[Problem details] With the pictures left out, set down the line containing "Gerne asiatische Kind" and each line after it to the end of the material, exactly as written.

[Supplied material]
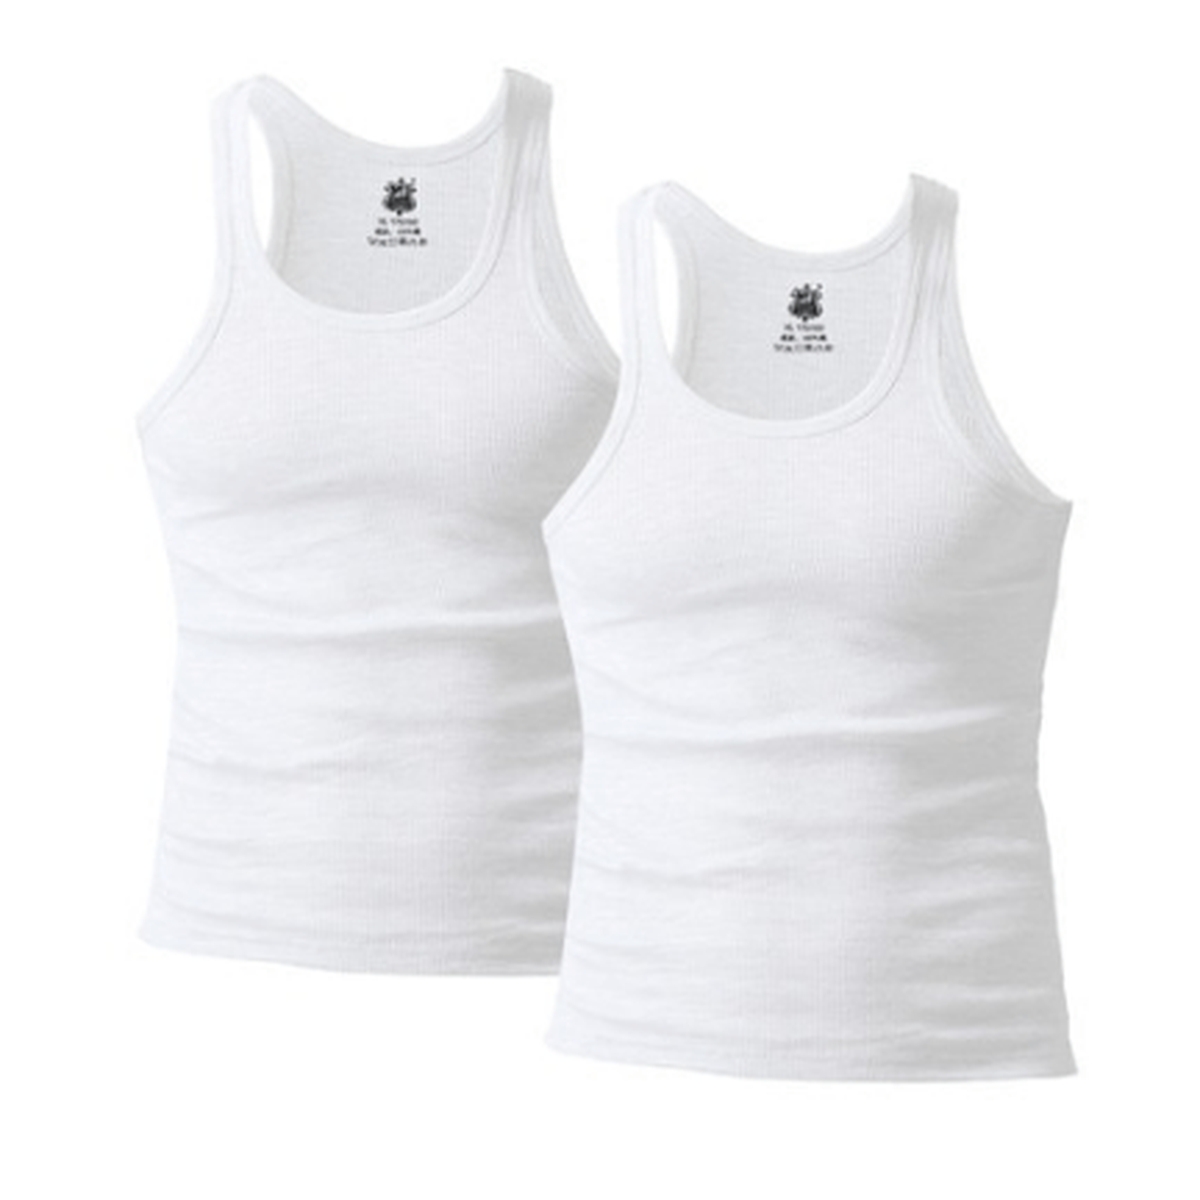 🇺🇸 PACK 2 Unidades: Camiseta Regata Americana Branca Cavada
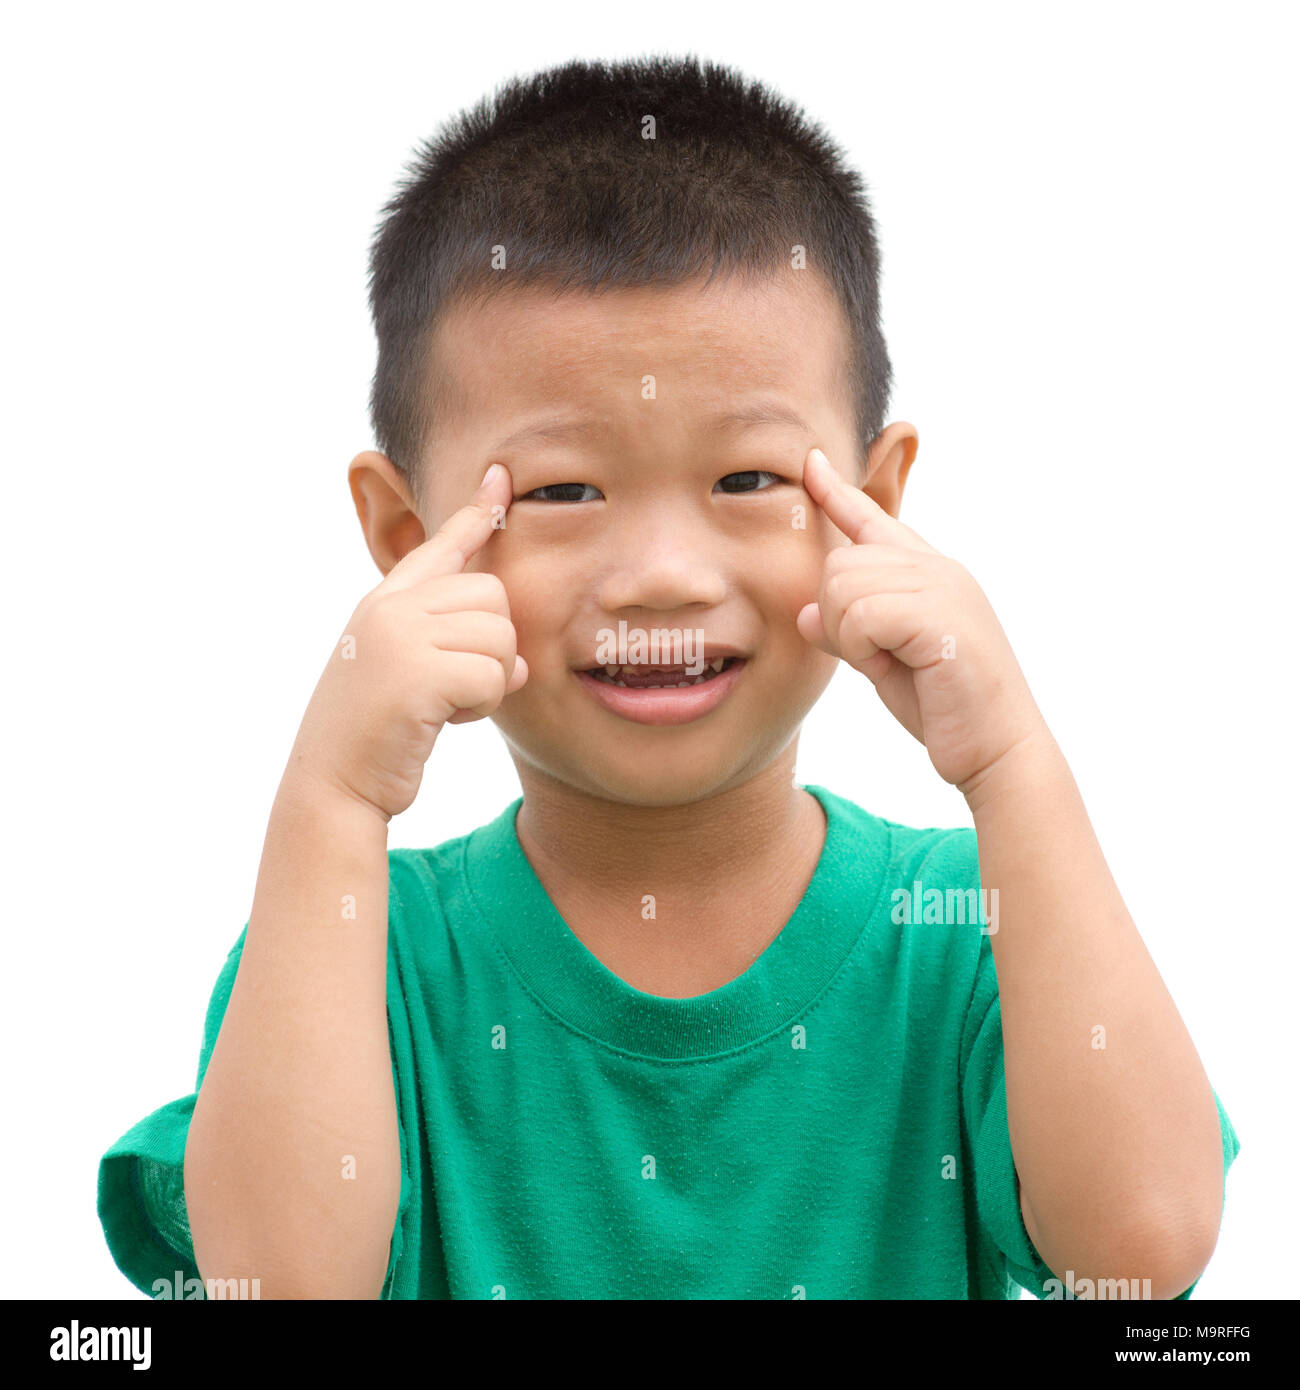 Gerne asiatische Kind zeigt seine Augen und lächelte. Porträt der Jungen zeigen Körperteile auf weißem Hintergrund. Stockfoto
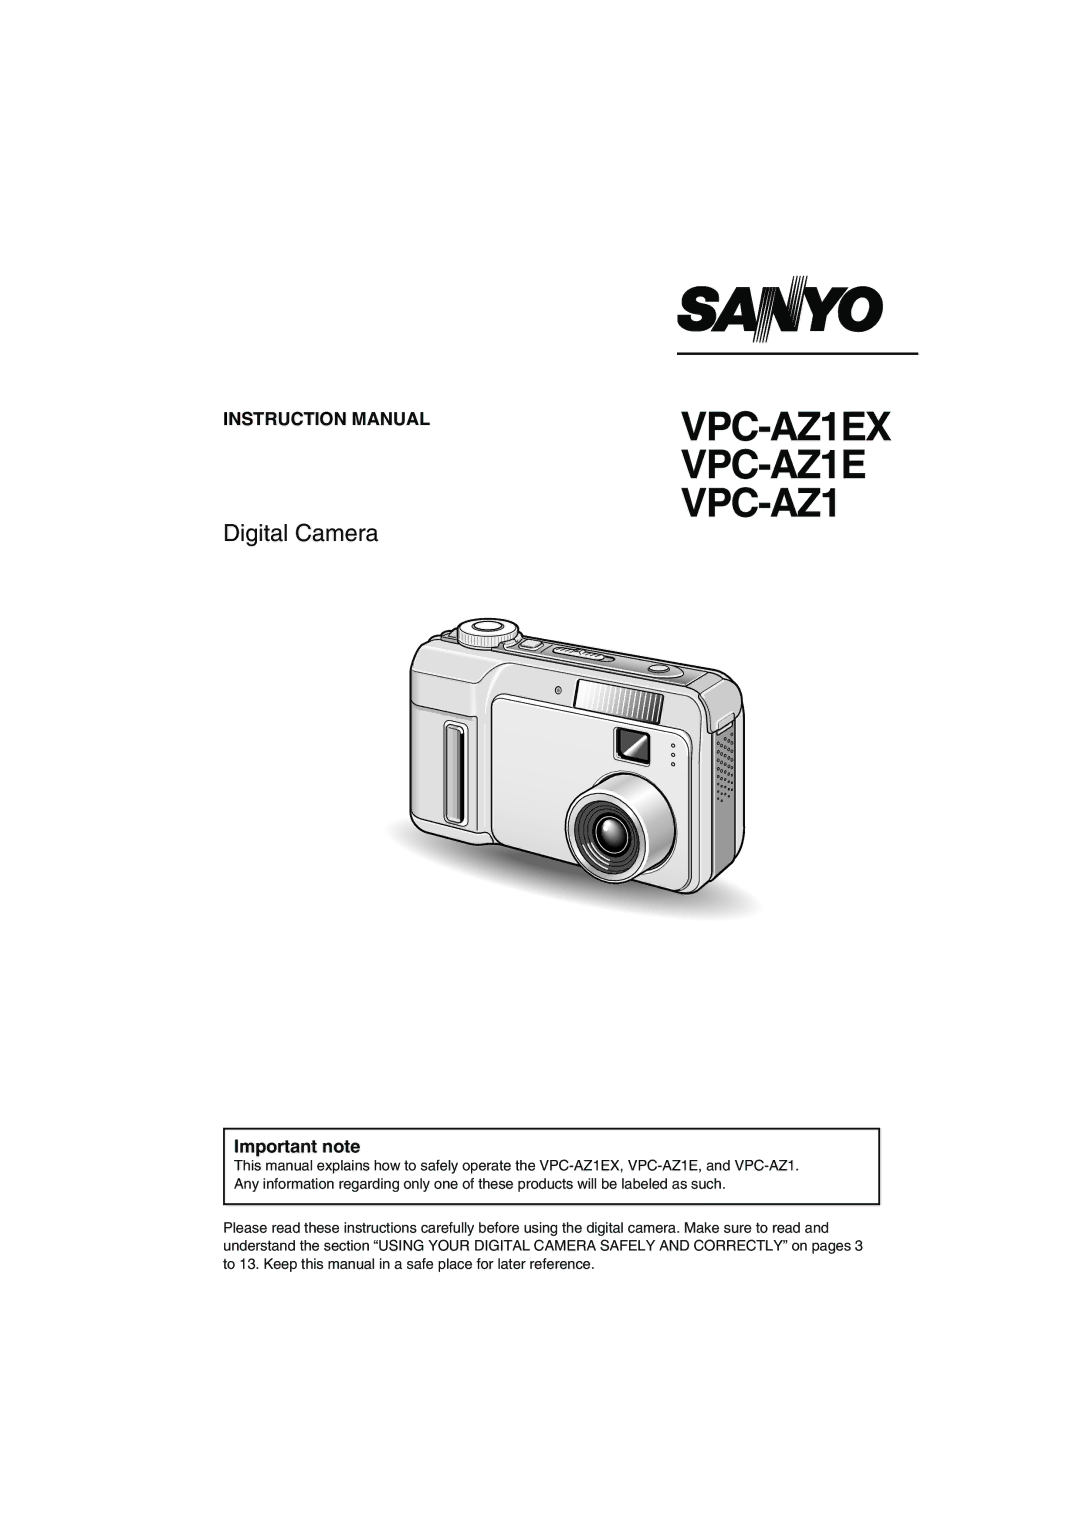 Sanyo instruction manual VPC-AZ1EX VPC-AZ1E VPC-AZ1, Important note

[Response]
 Gerne asiatische Kind zeigt seine Augen und lächelte. Porträt der Jungen zeigen Körperteile auf weißem Hintergrund. Stockfoto
 Sanyo instruction manual VPC-AZ1EX VPC-AZ1E VPC-AZ1, Important note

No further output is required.